Clearly, with the larger platforms like Xbox and PlayStation, the publishers and the platforms will get paid first. But remember that the large publishers are not a developer’s only option. The best possible way to calculate royalties and net revenue is to calculate it yourself. There are few things in life more satisfying than writing out a check to your publisher in this context. There are many developers that send publishers money every quarter now—but only if they were thoughtful enough to ask for it in their development agreement.
Now you know and they cannot fool you
In most development agreements publishers allow developers to “own” their code. The developers are very pleased with themselves and go to sleep each night feeling they won their negotiation. In truth, they often give away all or substantially all of everything discussed here including crediting, sequel control, and, worst of all, real monetary participation.
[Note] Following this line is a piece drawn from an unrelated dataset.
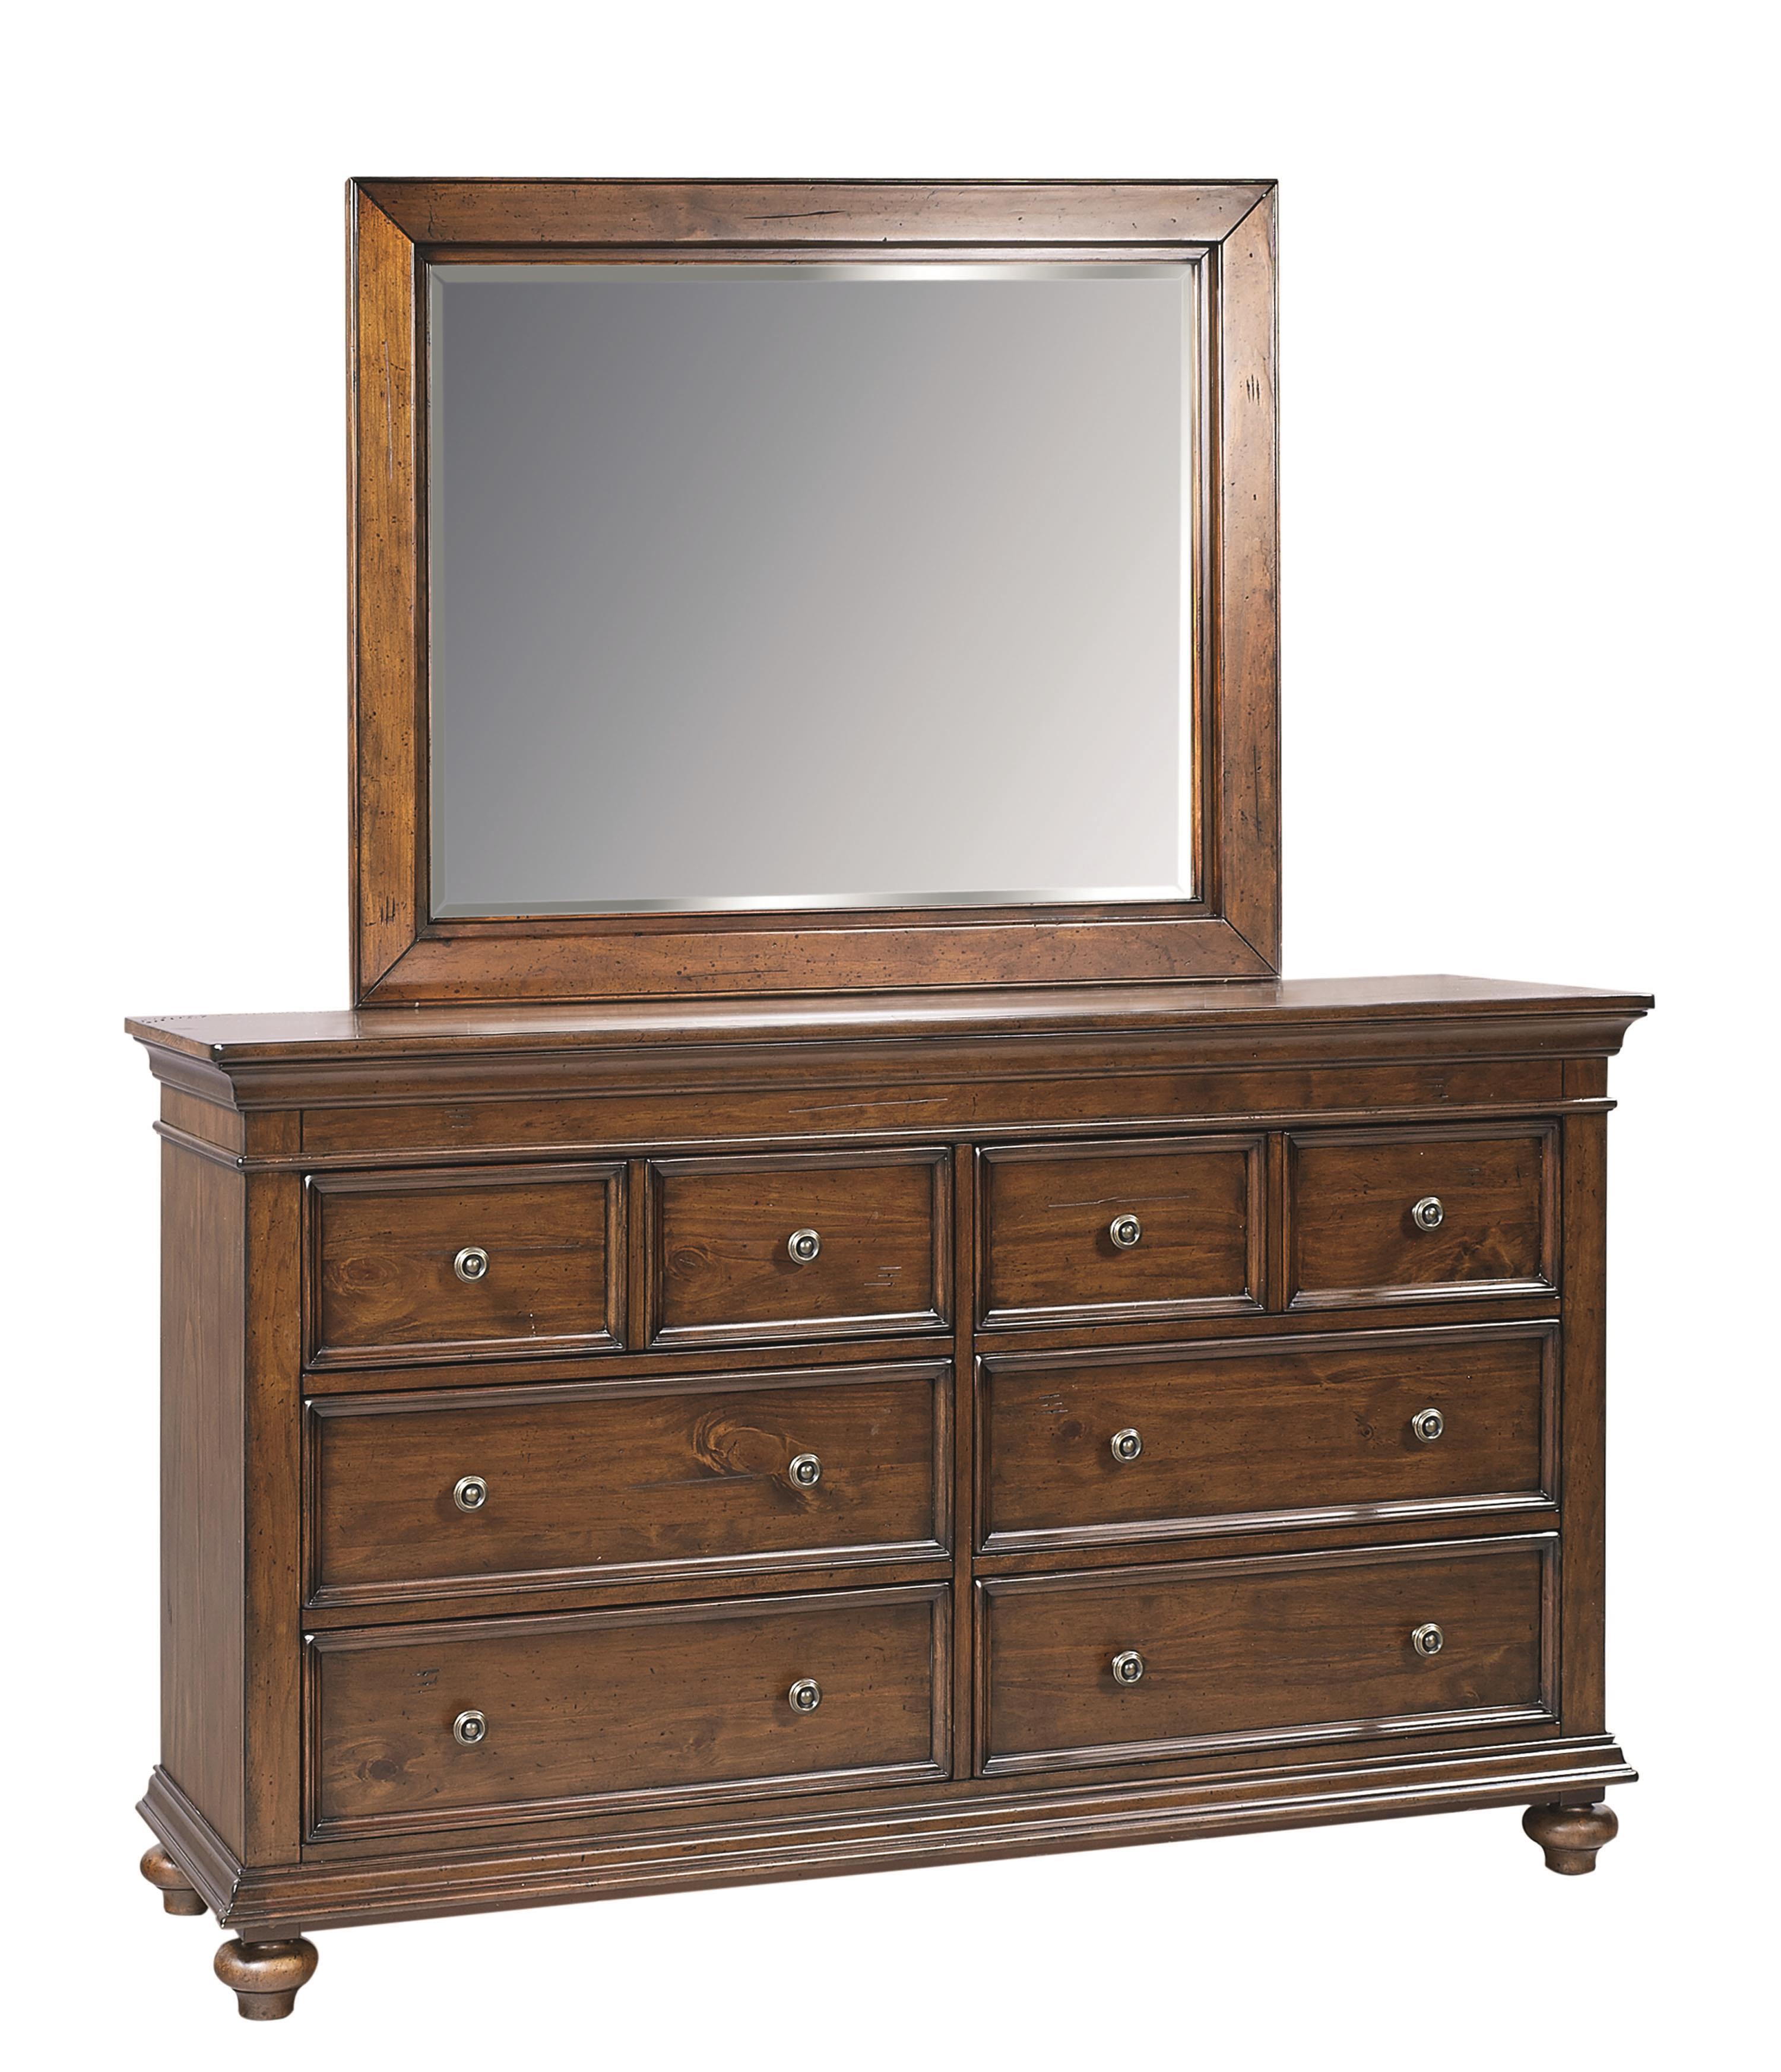 Aspenhome Camden Dresser and Mirror - Item Number: I57-453+464
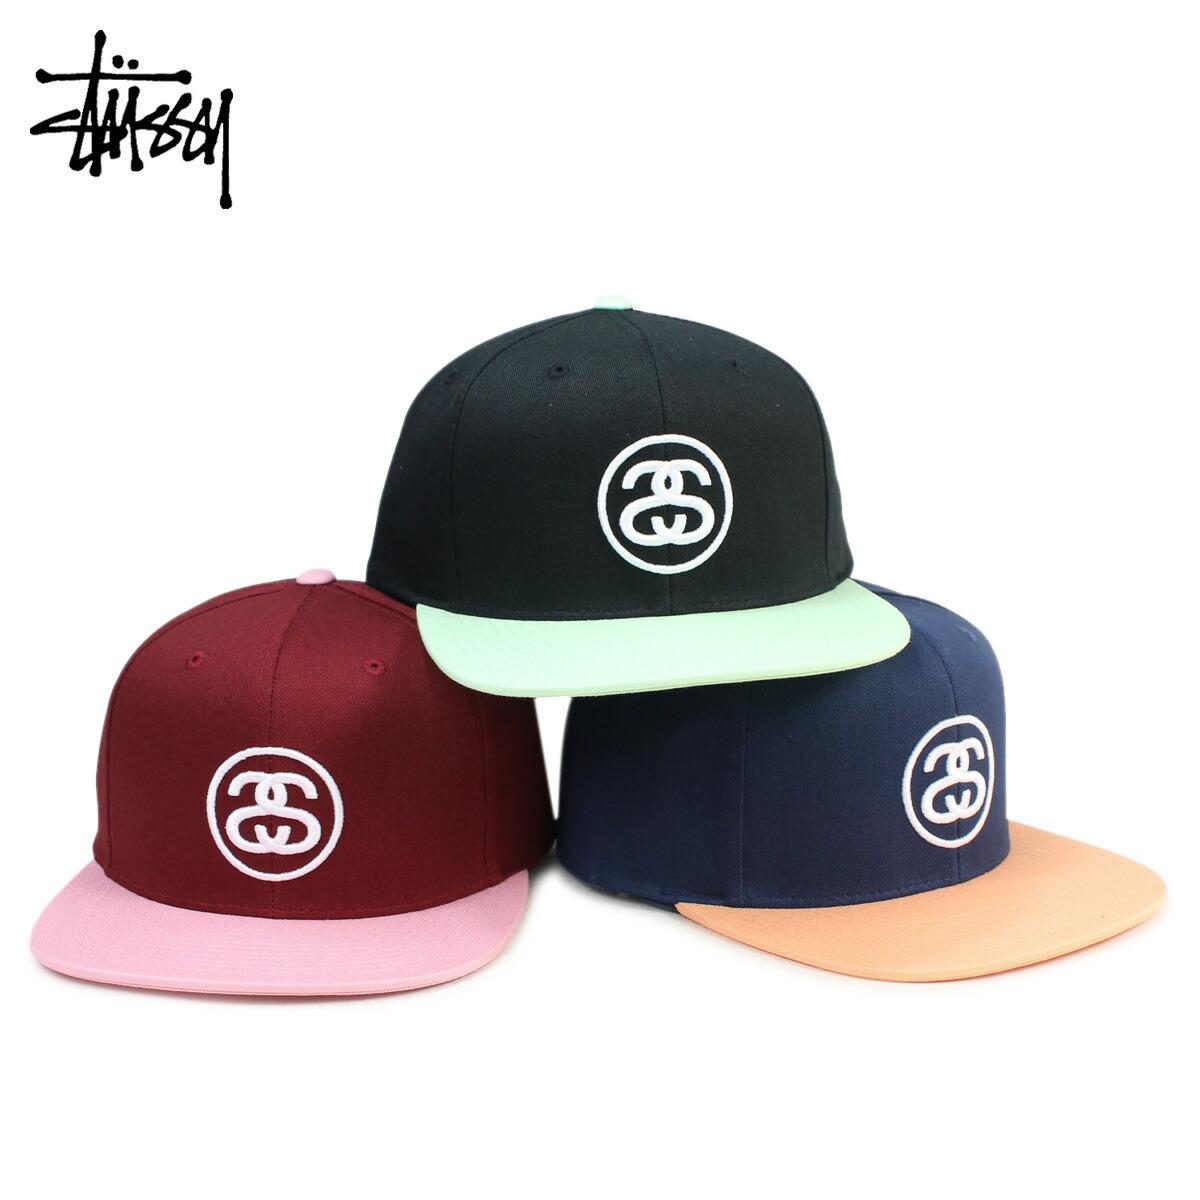 feab7ef31e2 Sugar Online Shop  ステューシー STUSSY cap hat men gap Dis snapback ...

When I was a much younger attorney, developers fell into the drafts described here all too frequently. Maybe we have a chance to do a little better in the coming years.
A final word. You should always seek the advice of your own attorney. Every situation is different. Also, understand that I wrote this to help you, knowing full well that one day you (a developer) will likely use it against me when I am on the publisher side. That does not mean you will win. Whitman and I have anticipated this:
Do I contradict myself? Very well then, I contradict myself. I am large and contain multitudes.
I wish the intractable hell on all of you—of having the publisher and developer literally yelling at you on a conference call, quoting things you have written as evidence for their position. Then, in the same moment, you will truly live and wish you hadn’t. Further, I assure you all of your good deeds will be properly punished.
Knowing the rules of the game elevates the discussion and this is my intent. It is immoral and largely no fun to beat up on the ignorant. Economic realities and the myriad contextual elements of the deal will dictate who prevails on any individual point.
It is my hope that sharing these strategies will let all the parties go into these agreements with their eyes open. It is one thing to “fool” an ignorant developer. I would rather not have that as a standard in the industry going forward. I would rather have it that each side knows we are talking about an infinite bundle of sticks, and considers and accepts positions deliberately, with an understanding of the consequences.
Negotiating in any of these contexts can be complicated. Listening to your adversary and partners is key as well as balancing the larger picture, with the details to get the job done well. It is a worthy lifelong pursuit, but we should not lose track of why we are negotiating and what we are spending our time on.
It is about the art at the end of the day. We have to feed ourselves and our children, but we cannot forget that it is (or should be) about the art. No matter where we sit at the table, we all choose to be here.
After we have enough money for rice, beans, and shelter, the way we spend our days is mainly a story we tell ourselves and other people. I hope there was more to that choice than just making money because there are easier ways to do it than making games.
The biggest key to negotiating is to be honest with each other. Commit to doing what we say we are going to do. Show that commitment by writing it out in the contract. The contract is not “the paperwork,” it is the very foundation of the work. Literally every choice in the contract comes down to building the game. Take it seriously.
For each choice, ask: Is this going to make the game better? Is this better than not having the game made or having it made on a shoestring budget? Are these the people you want to work with? Is this game going to be more of your or less of vision because of the choices you make? Is it something you can feel good about, including how you treated the people involved? Is this a day well spent or a compromise?